Empty the dough onto a floured surface and use a bench scraper to divide the dough into two parts. Spin the loaf on the floured surface to create surface tension. Then flatten by gently pulling on the edges until it forms a long rectangle.
Add your cinnamon, sugar, and raisins to the surface, or proceed with no additions if you want a simple sourdough loaf.
Fold the flat dough into thirds, overlapping the edges of the dough.
Roll from the end into a round or oval loaf.
Dust flour into a bowl with a clean kitchen towel.
Use a bench scraper to lift the roll and turn it over upside down (ugly side up) into the basket.
Sprinkle the top with flour and cover with a damp cloth.
Let the dough rest for 1-2 hours. It should come back slowly if poked.
Afterwards, it can be baked or put into the refrigerator for up to 48 hours.
Baking preparation
Pre-heat the oven to 500 degrees with the Dutch oven and lid inside.
If refrigerated, pull out the dough when you turn on the oven to give it time to warm up.
Turn the shaped dough onto a piece of parchment paper.

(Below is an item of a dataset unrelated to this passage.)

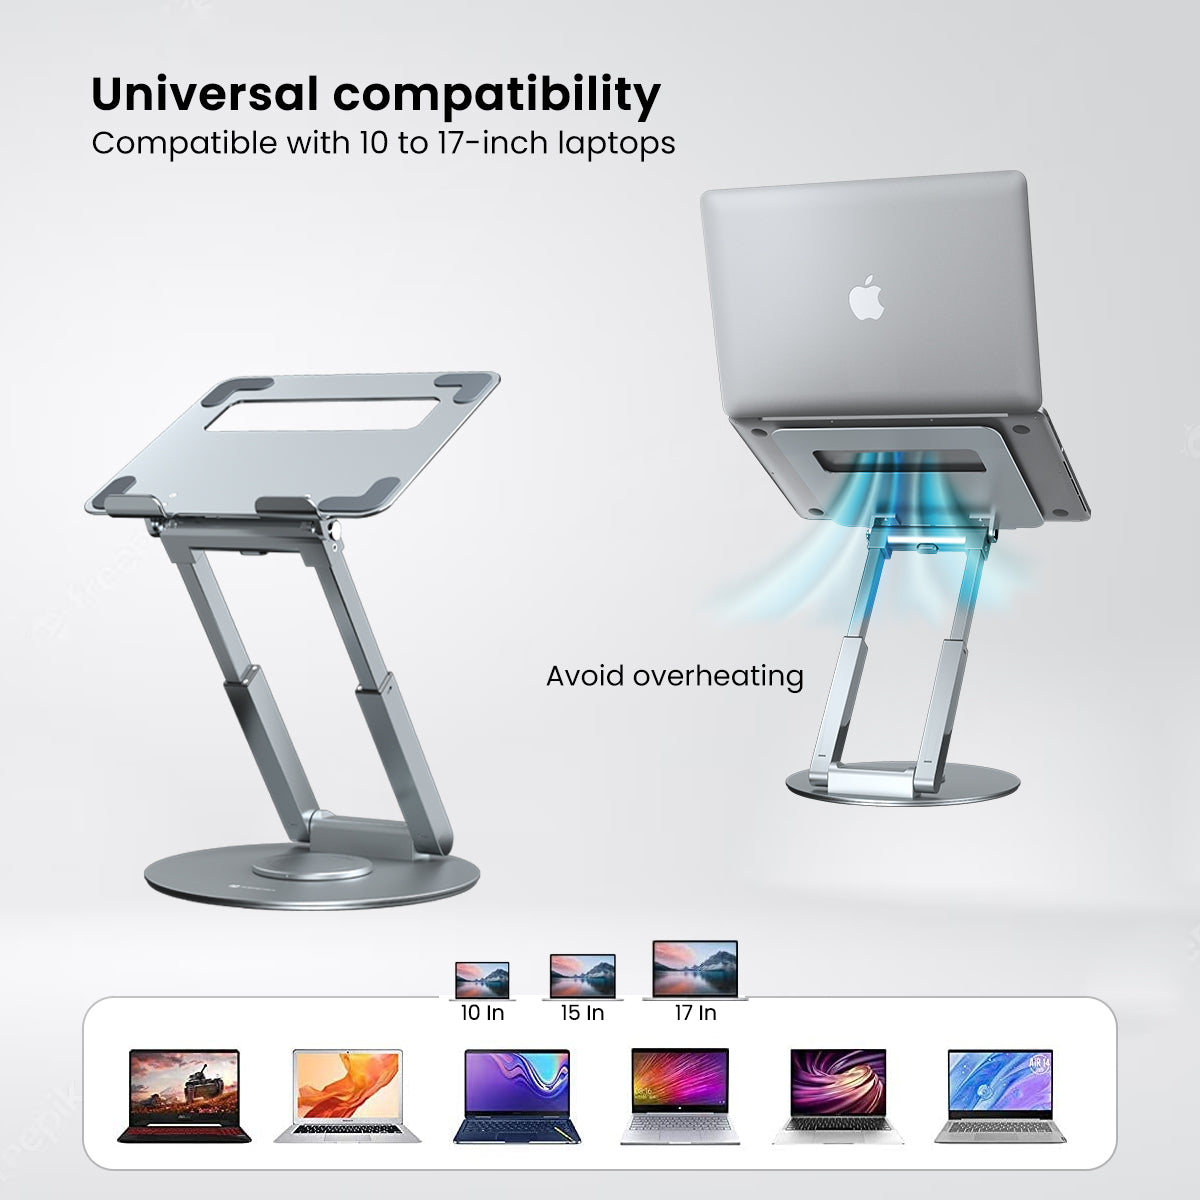 Portronics universal compatibility flexible laptop stand. Silver
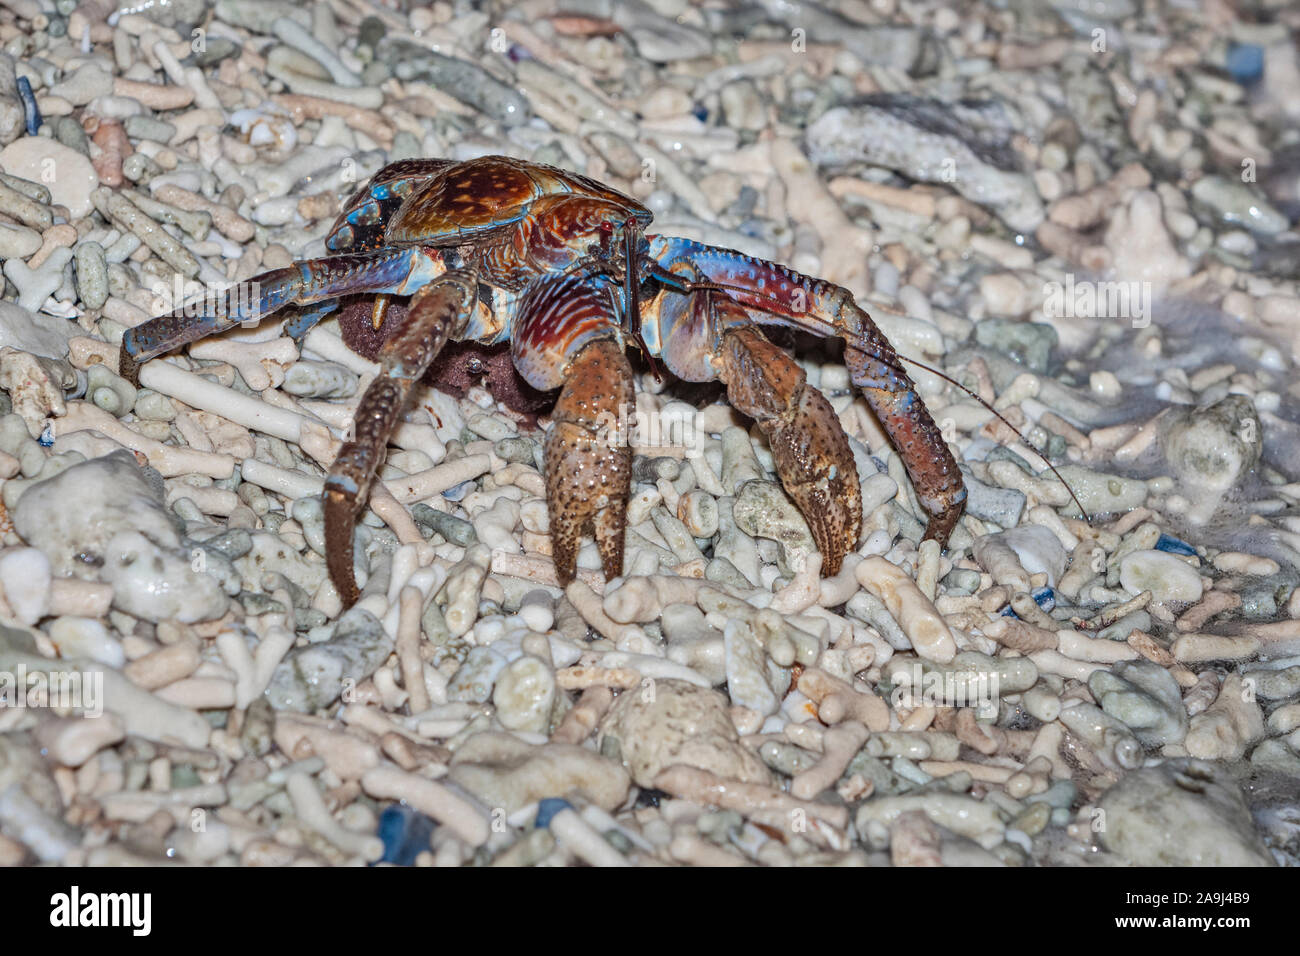 coconut crab, robber crab, or palm thief, Birgus latro, releasing eggs into ocean on coral rubble beach, Christmas Island, Australia Stock Photo

Score the top deeply. Shallow cuts can be made for decoration.
Lift the loaf using the corners of the parchment paper and drop it into the Dutch oven.
Baking
Cover and bake at 500 degrees for 25 minutes.
Take off the lid, reduce the oven temperature to 450 degrees, and bake an additional 20 minutes.
Remove the loaf from the oven and allow to cool for one hour before slicing.